▸ Input data:
____________________

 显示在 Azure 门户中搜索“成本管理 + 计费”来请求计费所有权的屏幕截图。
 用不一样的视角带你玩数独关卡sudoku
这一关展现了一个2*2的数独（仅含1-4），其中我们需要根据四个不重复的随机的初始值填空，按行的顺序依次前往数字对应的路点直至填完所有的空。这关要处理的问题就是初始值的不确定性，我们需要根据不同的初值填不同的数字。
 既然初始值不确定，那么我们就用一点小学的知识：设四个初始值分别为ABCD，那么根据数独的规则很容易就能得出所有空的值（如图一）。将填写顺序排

____________________

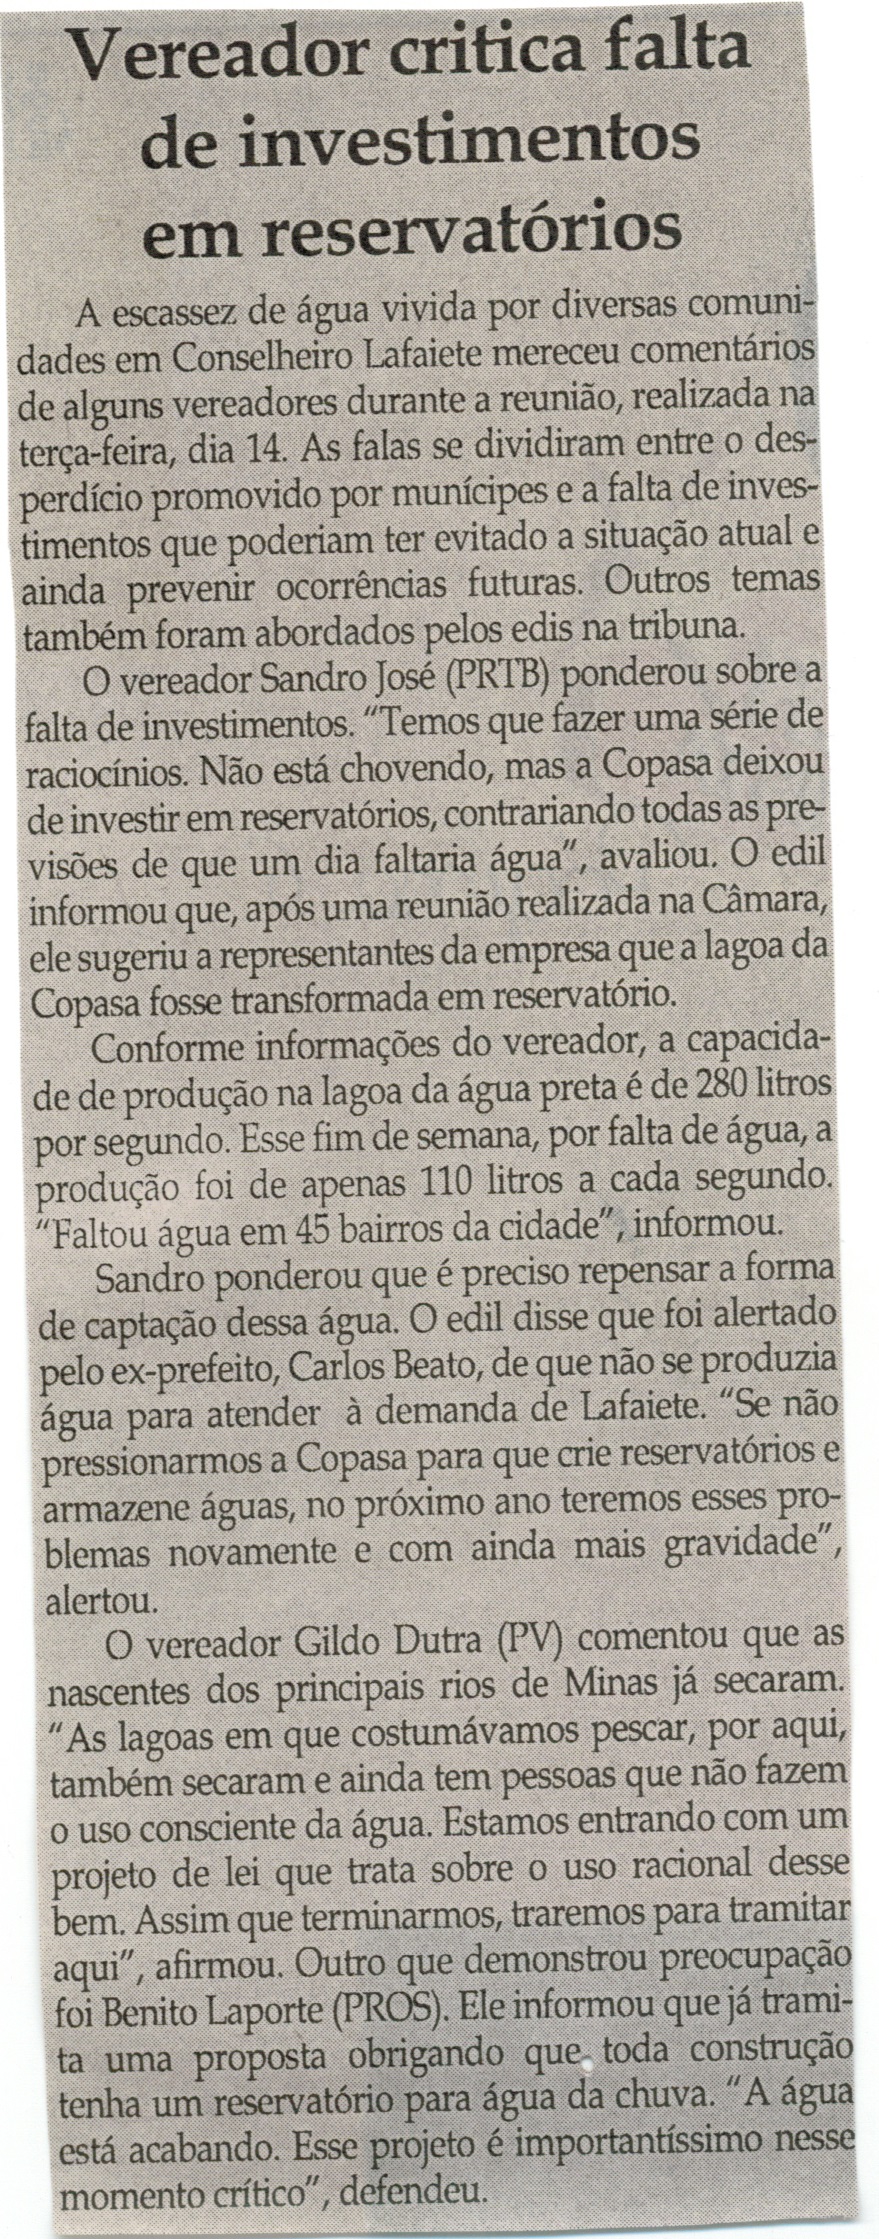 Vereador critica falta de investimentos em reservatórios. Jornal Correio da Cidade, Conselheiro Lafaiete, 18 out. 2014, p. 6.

____________________

Reprint exactly the lines above that start at the one with "这一关展现了一个2*2的数独" and end at the one with "既然初始值不确定，那么我们就", keeping both and adding none.

▸ Expected output:
这一关展现了一个2*2的数独（仅含1-4），其中我们需要根据四个不重复的随机的初始值填空，按行的顺序依次前往数字对应的路点直至填完所有的空。这关要处理的问题就是初始值的不确定性，我们需要根据不同的初值填不同的数字。
 既然初始值不确定，那么我们就用一点小学的知识：设四个初始值分别为ABCD，那么根据数独的规则很容易就能得出所有空的值（如图一）。将填写顺序排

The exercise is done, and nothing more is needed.